I mentioned that Alain Locke became a leader of the Harlem Renaissance but he was also a professor at Howard University. Locke first addressed the issue of race in a remarkable series of lectures that he gave in 1915—at about the same time that Kallen’s “Democracy and the Melting Pot” appeared. Howard University was founded by white Christian ministers to educate Black professionals. Ironically, the white administrators of Howard were opposed to Locke’s proposal to teach a course on race because they did not want Howard to be associated with such controversial subjects. But under the sponsorship of the NAACP (National Association for the Advancement of Colored People), Locke gave his lectures. Drawing on the work of Franz Boas Locke argues that there are no fixed factors—biological, sociological, or anthropological that determine race. Racism is a pernicious ideology that has no scientific credibility. The concept of human plasticity is fundamental for all the pragmatic thinkers. In effect Locke was deconstructing the concept of race. Nevertheless he shared with W.E.B. Dubois the conviction that African-Americans need a positive idea of race in order to achieve a sense of self-esteem, self-respect and dignity. Locke, in short, sought to advance the ideal of cultural pluralism that would include African-American culture.

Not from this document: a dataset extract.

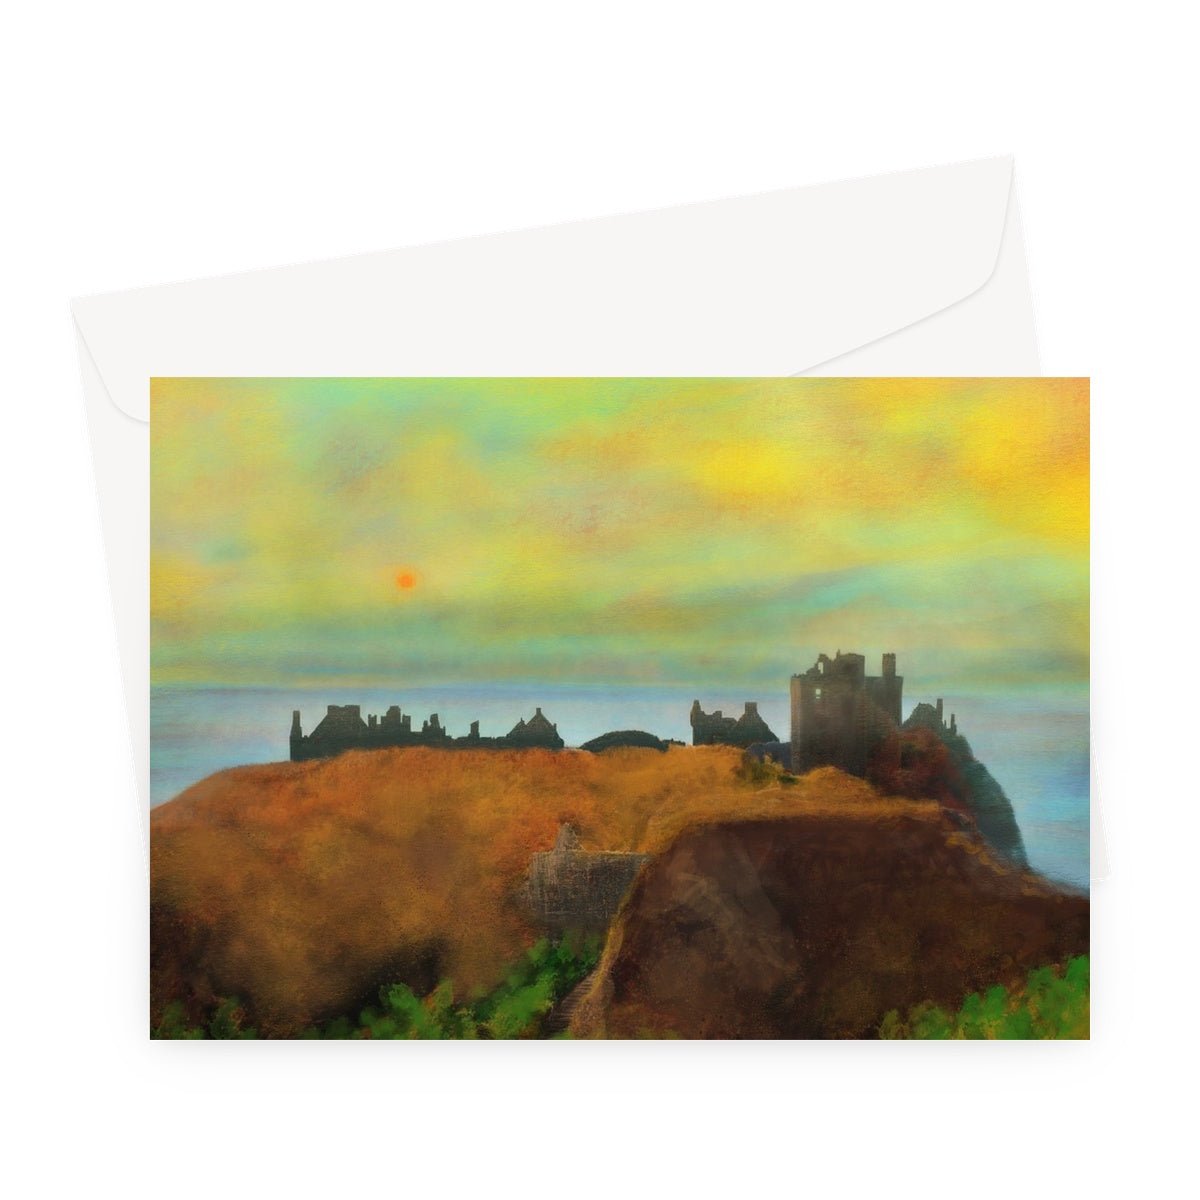 Dunnottar Castle Art Gifts Greeting Card-Greetings Cards-Scottish Castles Art Gallery-A5 Landscape-1 Card-Paintings, Prints, Homeware, Art Gifts From Scotland By Scottish Artist Kevin Hunter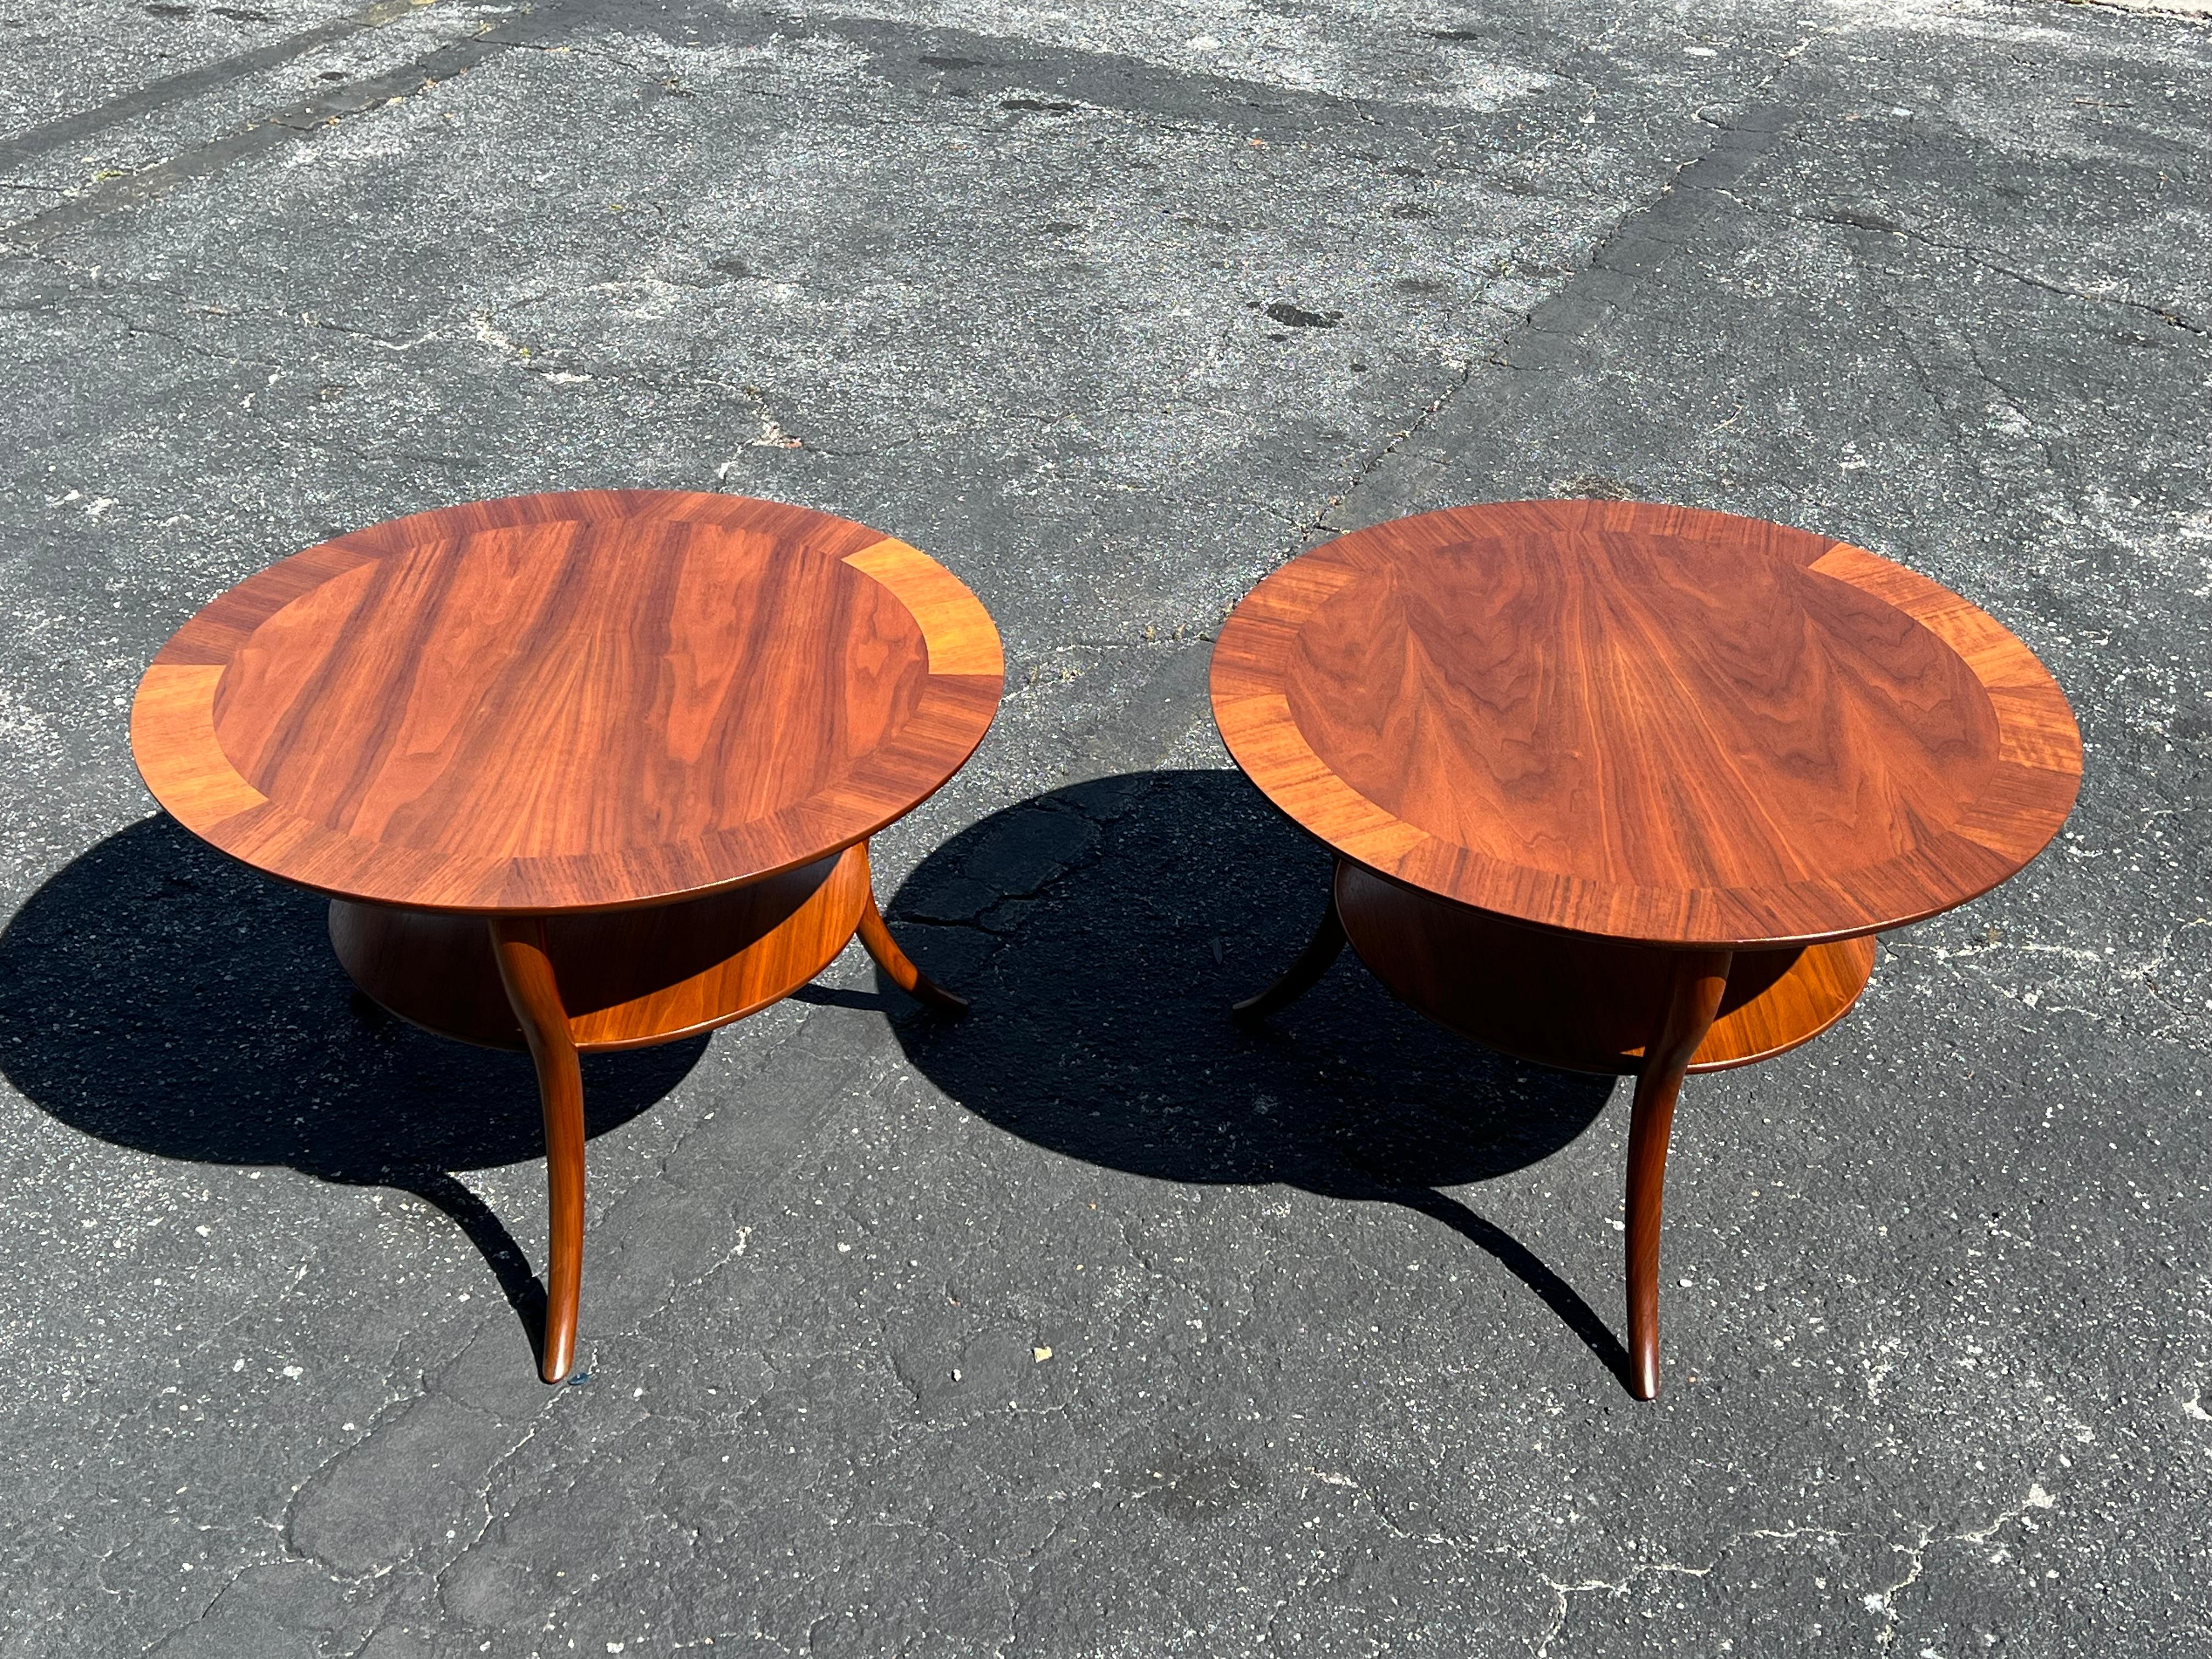 A classic T.H.Robsjohn-Gibbings for Widdicomb lamp or occasional tables with cabriolet style legs in walnut, with lower shelf. Elegant and stylish, restored. Walnut has beautiful graining. Sold invidually for $3,800 or $6,500 for the pair.

Cultural pluralism in America has been a dynamic movement in which there have been different voices and different emphases. The conversation itself has been pluralistic. But these thinkers rejected a politics of fixed identity and they also rejected the idea that different cultures are like self-contained monads that are incommensurable with each other. They advocated an engaged pluralism where there would be serious attempts to enlarge one’s horizons without assimilating to a “dominant” culture. They were not naïve about the practical and obstacles that stand in the way of achieving a culturally pluralistic cosmopolitan society. But the ideal of cultural diversity that emerges from their conversations is still a powerful ideal for our time. Their ideas—worked out in the context of American bigotry and racism—now have a universal and urgent significance. Societies throughout the world –including the United States –are facing new problems of how to deal with immigrants (legal and illegal) as well as native minorities. There is still fear, anxiety, and deep prejudices about those who are different and alien. The same extremes that the cultural pluralists were facing—assimilation to a “dominant” culture or exclusion and segregation—still threaten us. Their vision of what might America might become—a dynamic democratic society that respects and is enriched by differences—is now a genuinely international and cosmopolitan ideal—a vision that can and ought to be a powerful motivating ideal in the twenty-first century.